Vortex lattice structure in BaFe2(As0.67P0.33)2 by the small-angle neutron scattering technique

TL;DR

This study used small-angle neutron scattering to investigate the vortex lattice in BaFe2(As0.67P0.33)2, revealing isotropic hexagonal structures, nodal superconducting gaps, and pinning effects influencing vortex arrangements.

Contribution

First SANS observation of vortex lattice in BFAP showing isotropic hexagonal symmetry and field-dependent nodal effects in the superconducting gap.

Findings

Record vortex lattice observation in pnictides (1-16 T)

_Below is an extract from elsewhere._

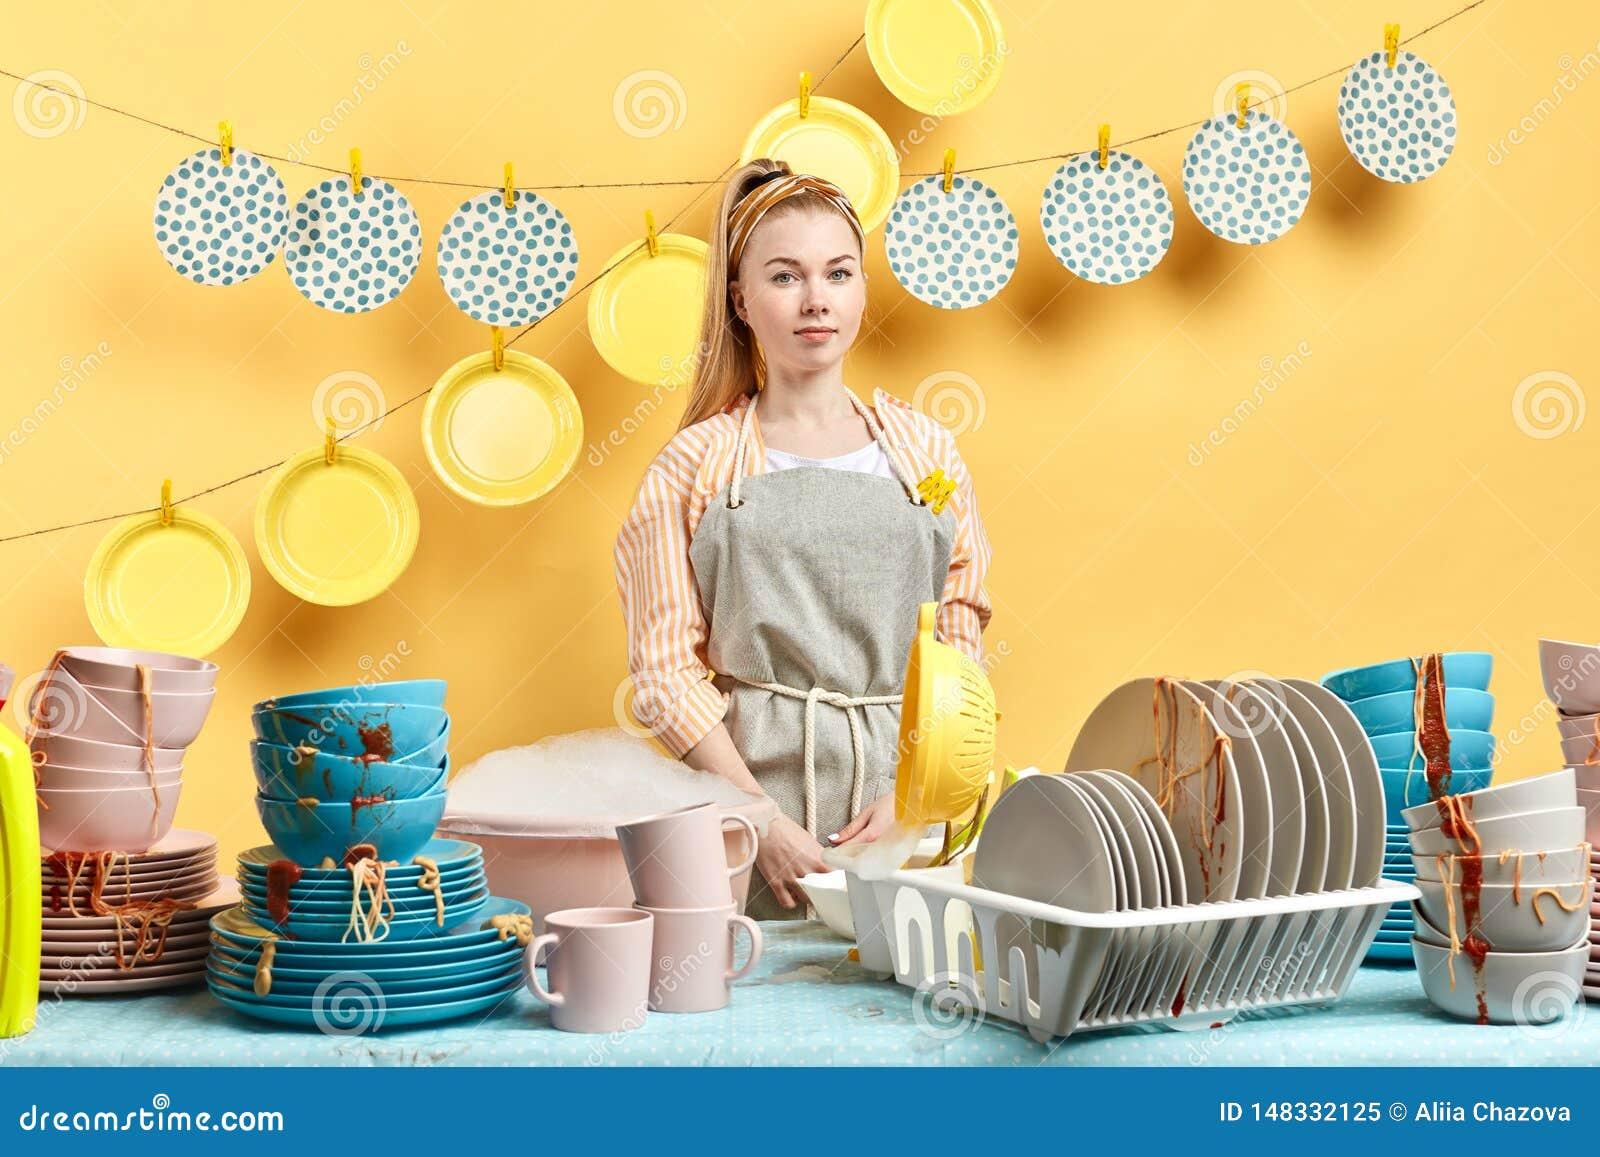 Zadowolona atrakcyjna kobieta z życzliwym spojrzeniem czyści kuchnię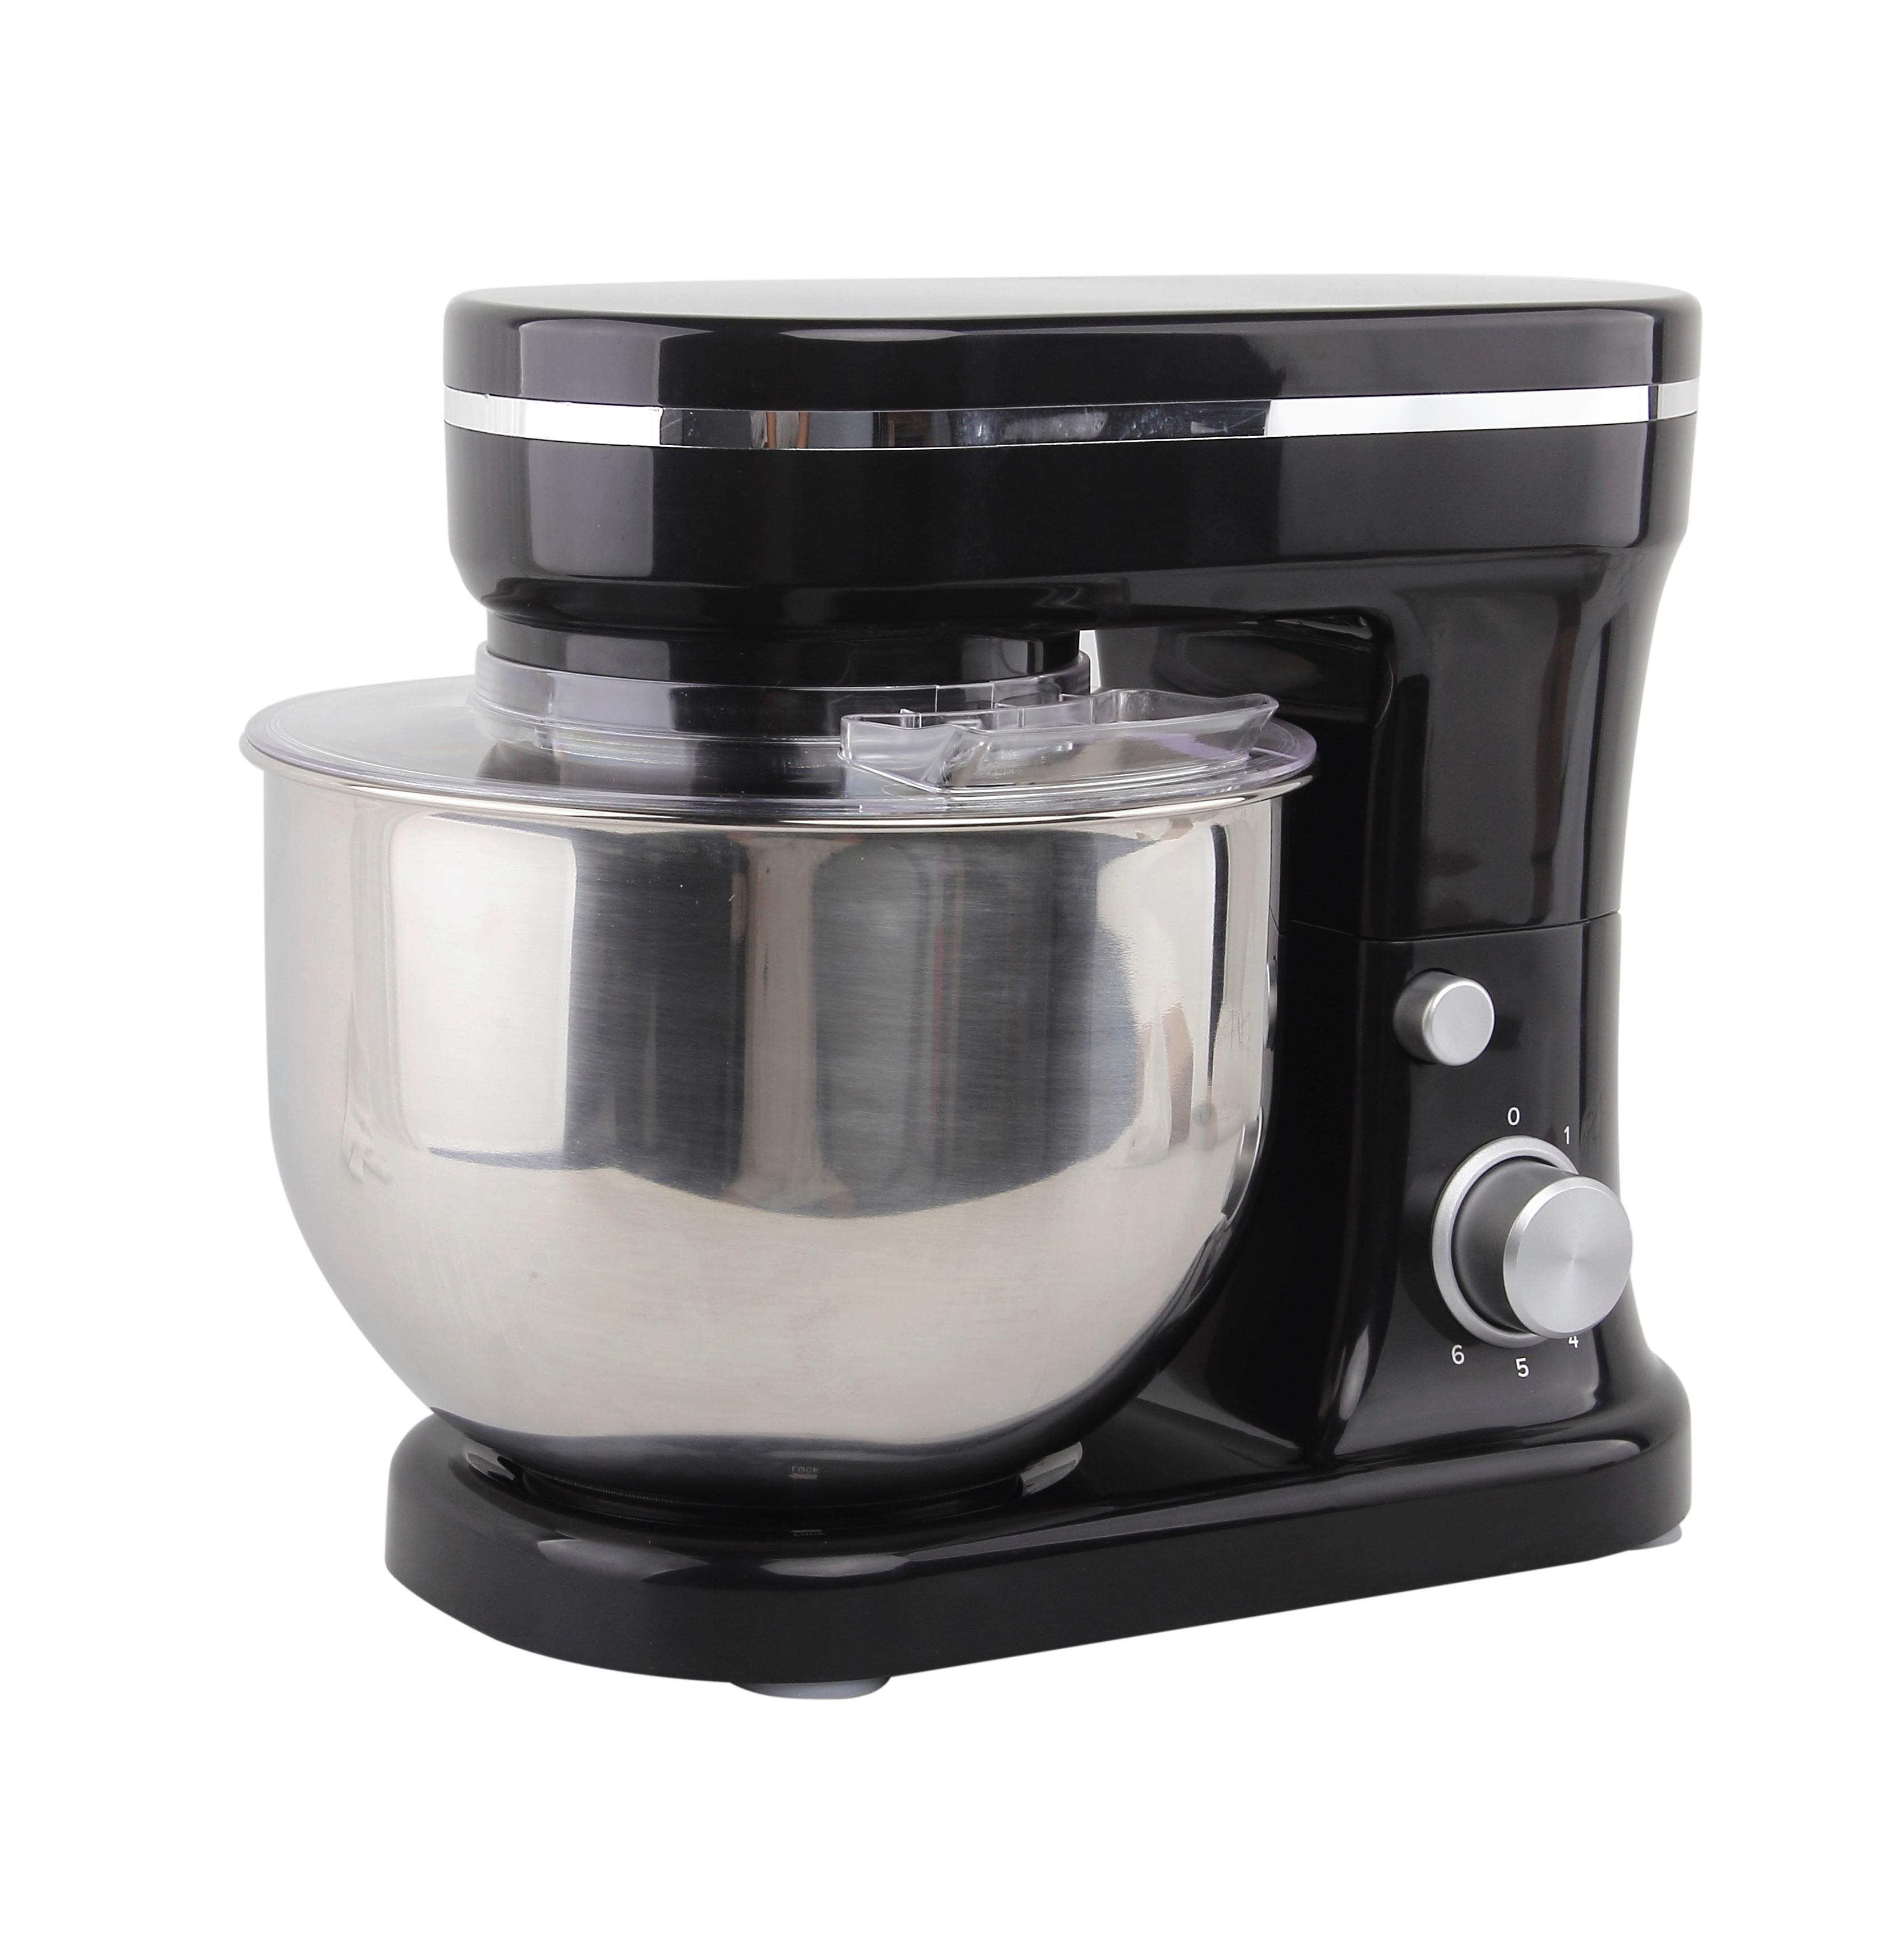 Küchenmaschine Jetta max. 1200 Watt   Küche und Esszimmer > Küchengeräte > Rührgeräte und Mixer   Insido

Confirmation of nodal superconducting gap structure at low fields

Identification of pinning effects influencing vortex lattice orientation

Abstract

We have observed a magnetic vortex lattice (VL) in BaFe2(As_{0.67}P_{0.33})2 (BFAP) single crystals by small-angle neutron scattering (SANS). With the field along the c-axis, a nearly isotropic hexagonal VL was formed in the field range from 1 to 16 T, which is a record for this technique in the pnictides, and no symmetry changes in the VL were observed. The temperature-dependence of the VL signal was measured and confirms the presence of (non d-wave) nodes in the superconducting gap structure for measurements at 5 T and below. The nodal effects were suppressed at high fields. At low fields, a VL reorientation transition was observed between 1 T and 3 T, with the VL orientation changing by 45{\deg}. Below 1 T, the VL structure was strongly affected by pinning and the diffraction pattern had a fourfold symmetry. We suggest that this (and possibly also the VL reorientation) is due to pinning to defects aligned with the crystal structure, rather than being intrinsic.